Странно, что тема Федры меня притягивала к себе давно, задолго до Витеза и до репетиций над «Федрой» с Романом Виктюком. Как-то в конце семидесятых годов, когда мы с Высоцким уже репетировали «Игру для двоих» Теннесси Уильямса, я попросила его записать все мужские монологи из «Федры» Расина. Записали мы все это на плохой маленький магнитофон, правда, кто-то из радистов «Таганки» сказал, что запись можно «очистить». Мне тогда пришло в голову сделать такой спектакль: на сцене — одна Федра, а другие персонажи существуют только в ее сознании, и их голоса звучат в записи. Я в то время и не подозревала о «Медее» Хайнера Мюллера,
а ведь у него Медея тоже все действие разговаривает с воображаемым Ясоном. Видимо, эта идея внутреннего монолога героини с другими персонажами носилась в воздухе.
Прошло несколько лет, и я рассказала о своем замысле Ви тезу, отдала ему пленку с голосом Высоцкого. Она так и осталась у него. После смерти Витеза я спрашивала о ней его близких, но никто ничего не знал. Может быть, эту пленку еще можно найти?..
Как-то раз Витез приехал в Москву с Яннисом Коккосом и художником по свету Патрисом Тротье. Наше Министерство культуры предложило им выбрать для «Федры» любую театральную сцену. Они посмотрели ефремовский МХАТ, «Ленком» и остановились на Театре имени Пушкина, решив сыграть «Федру» в память Таирова и Коонен. Потому и макет Коккос сделал как бы треугольный, сильно уходящий в глубину — ведь сцена этого театра тоже очень глубокая. Но осветительного прибора для «яркого солнца», которое нужно было в спектакле, в Москве не оказалось. Поскольку другом Витеза был тогдашний министр культуры Франции Жак Ланг — договорились, что Министерство культуры Франции подарит Театру имени Пушкина осветительный прибор, который послужит солнцем для «Федры».
Переговоры между двумя министерствами культуры велись долго. У меня в бумагах нашлась записка от Антуана, переданная через французское посольство в Москве:
С дружеским приветом
Это последняя записка, которую я получила от Витеза. Через неделю он умер.
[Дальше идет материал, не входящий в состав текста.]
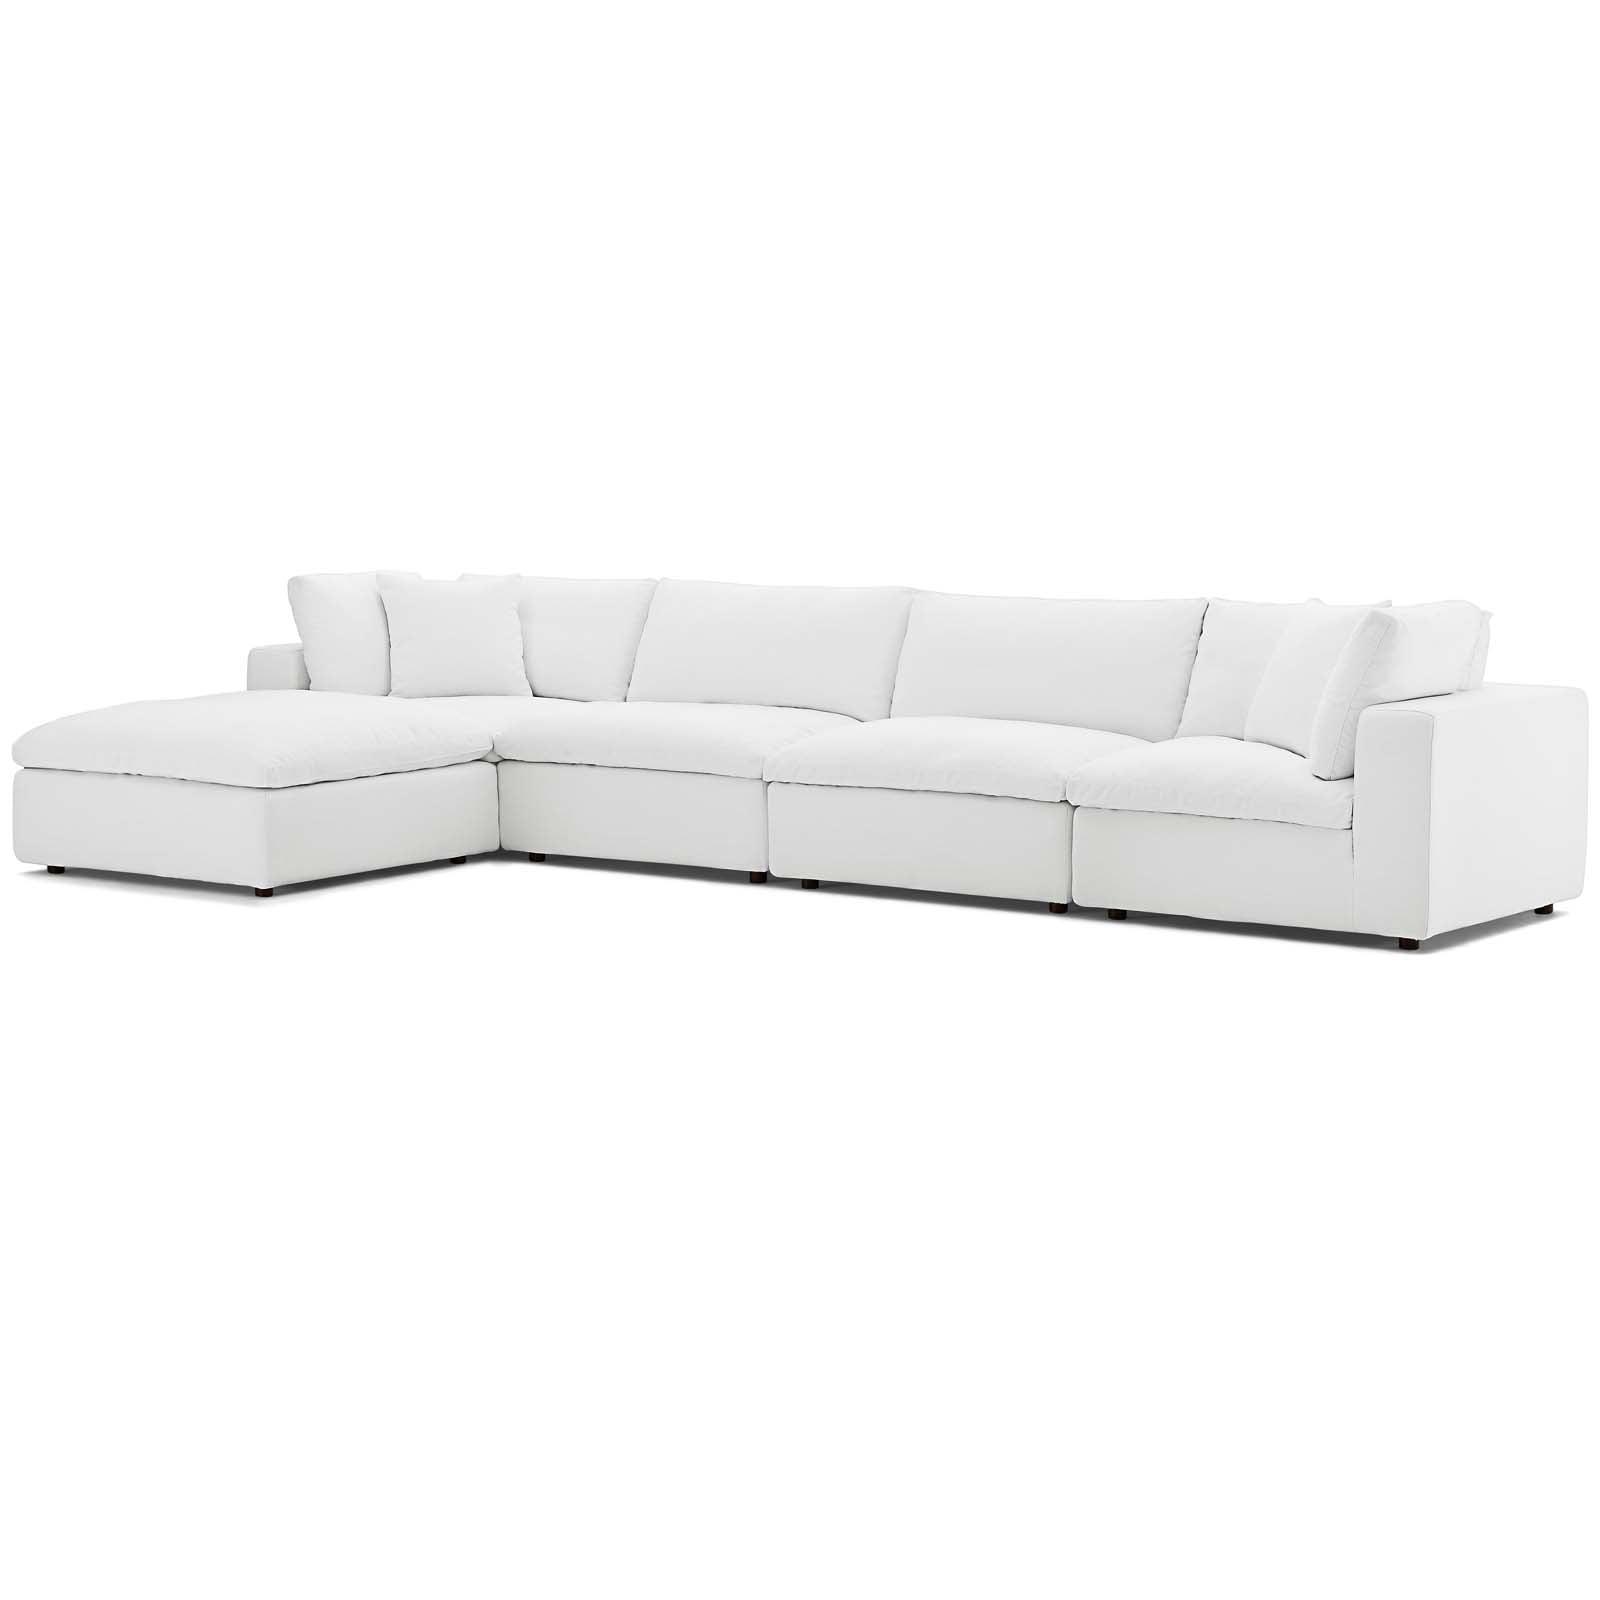 Astounding Modern Contemporary Urban Design Living Room Lounge Club Lobby Sectional Sofa Set Fabric White Pabps2019 Chair Design Images Pabps2019Com

Апрель 1990 года. Москва. Накануне отъезда Витеза в Париж пыла Пасха. Ночью мы пошли в церковь на улице Неждановой — он, Коккос и я. Там я встретила своих друзей — Игоря и Нину Виноградовых. Они пригласили нас к себе — разговляться. Служба шла очень долго, Виноградовы всё не уходили, и мне уже было неловко — я понимала, что Витез устал, но у меня дома ничего пасхального не было. Наконец часа в четыре утра мы поехали на улицу Рылеева к Виноградовым. Храм Христа Спасителя тогда еще не восстановили^ и я помню, как люди шли по пустому пространству недавнего бассейна со свечками — они несли зажженные свечки из церквей помой. Это шествие было очень красиво и выглядело очень по-московски. Особенно это понравилось Коккосу, и они с Витезом поговорили о ритуальном действе. Приехали к Виноградовым, разговелись. Потом я отвезла Витеза и Коккоса в гостиницу «Украина». Уже рассвело. Мы попрощались, расцеловались и расстались до 26 июля, когда должны были начаться сценические репетиции.
Последнюю свою фразу при этом прощании я запомнила, потому что она мне аукнулась через месяц. Я сказала Витезу: «Даже если у нас по каким-либо причинам не будет «Федры» — я счастлива, что судьба меня свела с вами». Потом, в мае, я уехала в Ялту, а когда вернулась, кто-то мне сказал, что по радио было сообщение: умер Антуан Витез.
Спустя два месяца, 21 июля 1990 года, в Авиньоне был вечер его памяти. Пригласили и меня, я должна была читать монолог цветаевской Федры. На сцене сидели все актеры, когда-либо работавшие с Витезом, и даже министр культуры Жак Ланг, который тоже раньше был актером. Все выходили на авансцену один за другим и читали свой текст по бумажке. Актер, который только вчера играл «Жизнь Галилея», встал и прочитал свой монолог, глядя в текст. У меня же не было ни листа, ни папки. Я думала: у кого попросить?! Но слева от меня сидел Жак Ланг, которого так охраняли, как, наверное, не охраняли даже Сталина, а справа — актриса «Комеди Франсез», которая повернулась ко мне в три четверти, мол: зачем
здесь эта русская?.. В общем, я вышла и начала говорить по-французски, что через пять дней, 26 июля, мы с Витезом должны были начать репетировать «Федру»… и вдруг слышу откуда-то издалека (а зал огромный) полупьяный голос: «Что она говорит? Я ничего не понимаю! Что это за акцент?!» Ведь французы терпеть не могут, когда иностранцы говорят на их языке.